La radiation actée pour lui et ses compagnons d’infortune, Mafall Mboup a décidé de changer radicalement de vie pour se consacrer pleinement à d’autres activités pendant 7 ans, avant de voir le bout du tunnel.
Un changement radical pour ce natif de Sigui Diagne, un village de la commune de Ndindy (Diourbel), qui avait intégré la police le 1 er octobre 1975, avant d’être affecté à Kédougou, où il a passé six années, de 1978 à 1984.
« À l’époque, lorsque les choses se sont confirmées, raconte-t-il au sujet de sa radiation, j’ai décidé d’acheter une charrette à eau parce que je ne pouvais pas tendre la main ».
« Les gens disaient que j’étais fou », mais puisque « je n’avais personne pour m’aider, j’ai décidé de faire ce travail en disant qu’il n’y a pas de sot métier et il me fallait prendre en charge mes parents dont je suis le fils ainé », indique le policier retraité, passé par l’armée (Génie militaire) dont il avait rejoint les rangs en octobre 1972, avant d’être libéré du service militaire.
Un passé qui le prédestinait à la débrouille. Et de fait, sa nouvelle activité lui permettait de joindre les deux bouts avec un gain quotidien de 3000 francs CFA. Mais du jour au lendemain, le père de famille a perdu l’estime de ses proches, principalement de ses femmes qui ne pouvaient accepter son choix de se reconvertir dans la vente d’eau.
« Elles me disaient d’arrêter la vente d’eau par charrette par pur complexe. Pour elles, c’était dévalorisant de passer de policier à vendeur d’eau en charrette. Pour démarrer cette activité, je n’avais que 100 mille francs CFA, d’ailleurs je n’ai exercé ce travail que pendant 7 mois seulement. Je me suis dit que c’est un métier noble », indique l’ancien policier.
Mafall a touché à presque tous les métiers pour subvenir aux besoins de ses parents qui étaient sous sa responsabilité au sein de sa petite maisonnette en construction à cette époque.
« Heureusement pour moi, je n’étais pas en location, j’avais ma propre maison, même si elle n’était pas assez bien construite. J’ai également fait des activités dans les colonies de vacances, j’ai été journalier à l’usine de la Sonacos entre autres. J’ai touché à tout parce que je ne voulais pas tendre la main. J’ai vécu ce calvaire jusqu’en 1993 lorsqu’on a créé le corps de la police municipale », a-t-il renseigné.
Après cette traversée du désert, le destin est venu lui offrir une occasion de se relancer, avec la création de la police municipale par Abdou Diouf.

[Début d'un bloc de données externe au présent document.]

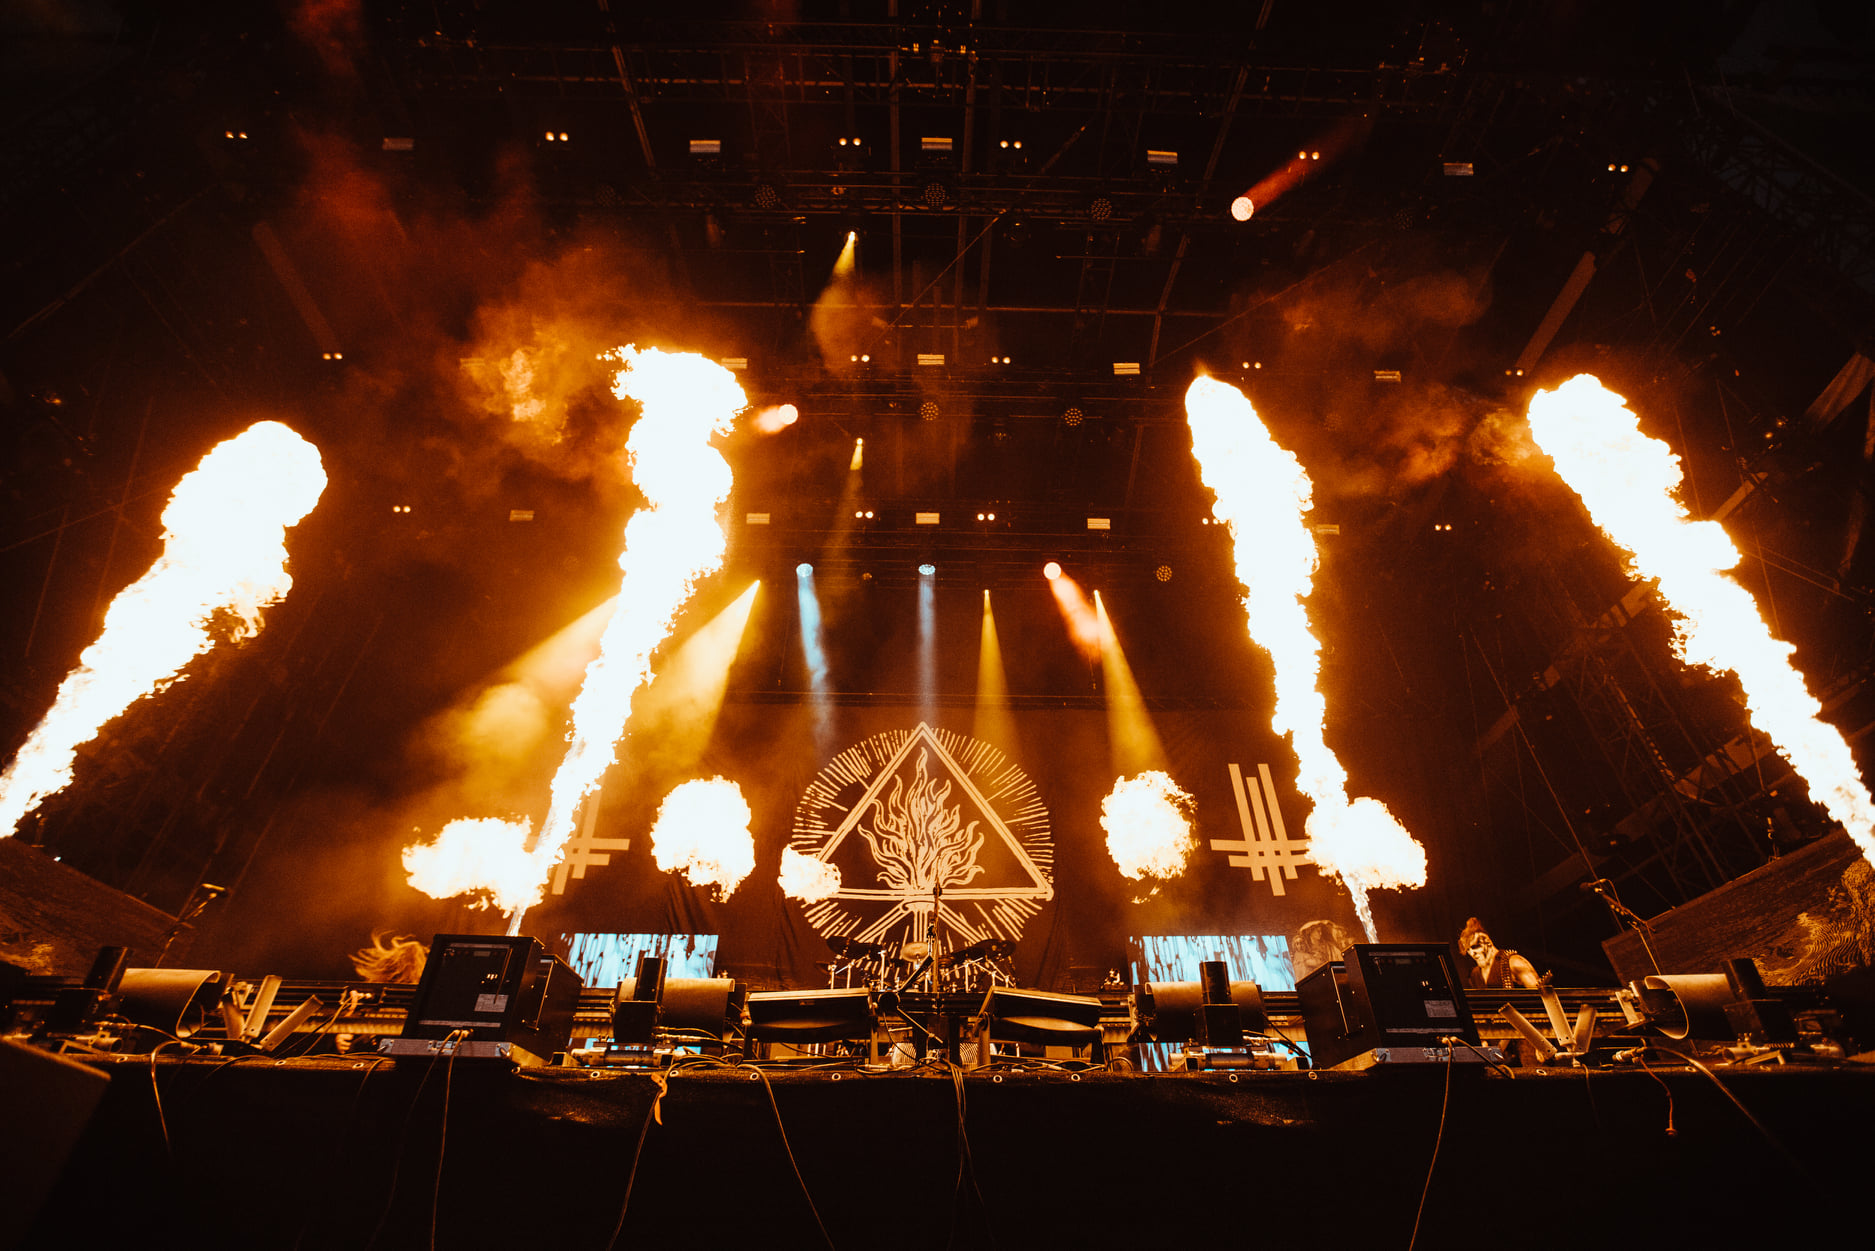 Full force stage with fire

« Avec cette nouvelle création, on avait besoin de faire un mois de recyclage après 7 ans d’absence. C’était pour voir notre mental et notre état d’esprit puisque qu’on était resté longtemps sans exercer le métier », note-t-il.

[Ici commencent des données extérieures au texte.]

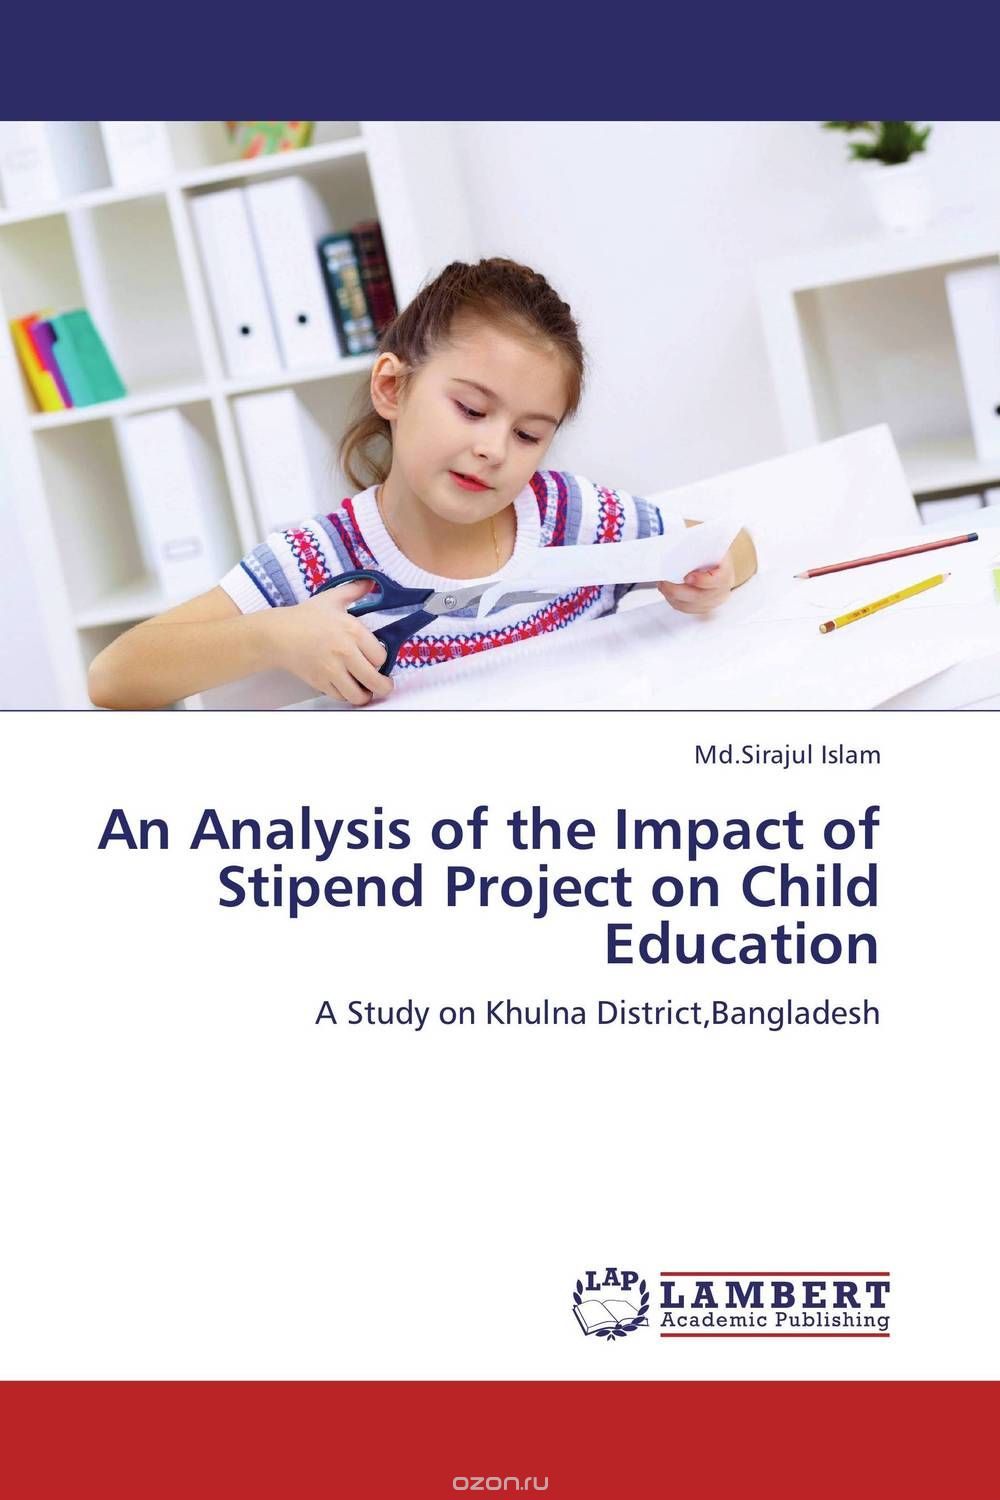 An Analysis of the Impact of Stipend Project on Child Education

Mafall Mboup a exercé dans ce nouveau corps durant cinq, avant d’être reversé dans « la police d’Etat » en 1998 et de faire valoir ses droits à la retraite. Il demeure toutefois actif, malgré sa retraite et son âge avancé.
« Actuellement, je préfinance les éleveurs qui sont dans le commerce de bétail au niveau des marchés hebdomadaires. Une fois qu’ils ont atteint une assise financière, on se partage les bénéfices, et s’ils ne sont pas en mesure de bien dérouler l’activité, ils me remboursent la somme que je leur avais remis pour le démarrage. Dans un premier temps, je ne finance que deux personnes », précise-t-il.
S’y ajoute qu’après avoir été abandonné par ses deux femmes parties avec ses trois enfants suite à sa radiation, Mafall Mboup a refait sa vie avec une autre femme qu’il juge plus compréhensive.
« C’est en fin 1993 que je me suis remarié et on a eu un garçon et deux filles. Et coup du sort, celles qui m’avaient abandonné ont voulu revenir, ce que je n’ai pas accepté parce que pour moi un couple c’est pour le meilleur et pour le pire. De plus, je ne pouvais plus vivre avec elles parce que j’aurais toujours le souvenir qu’elles m’avaient trahi. Donc ce n’était plus possible », assène-t-il.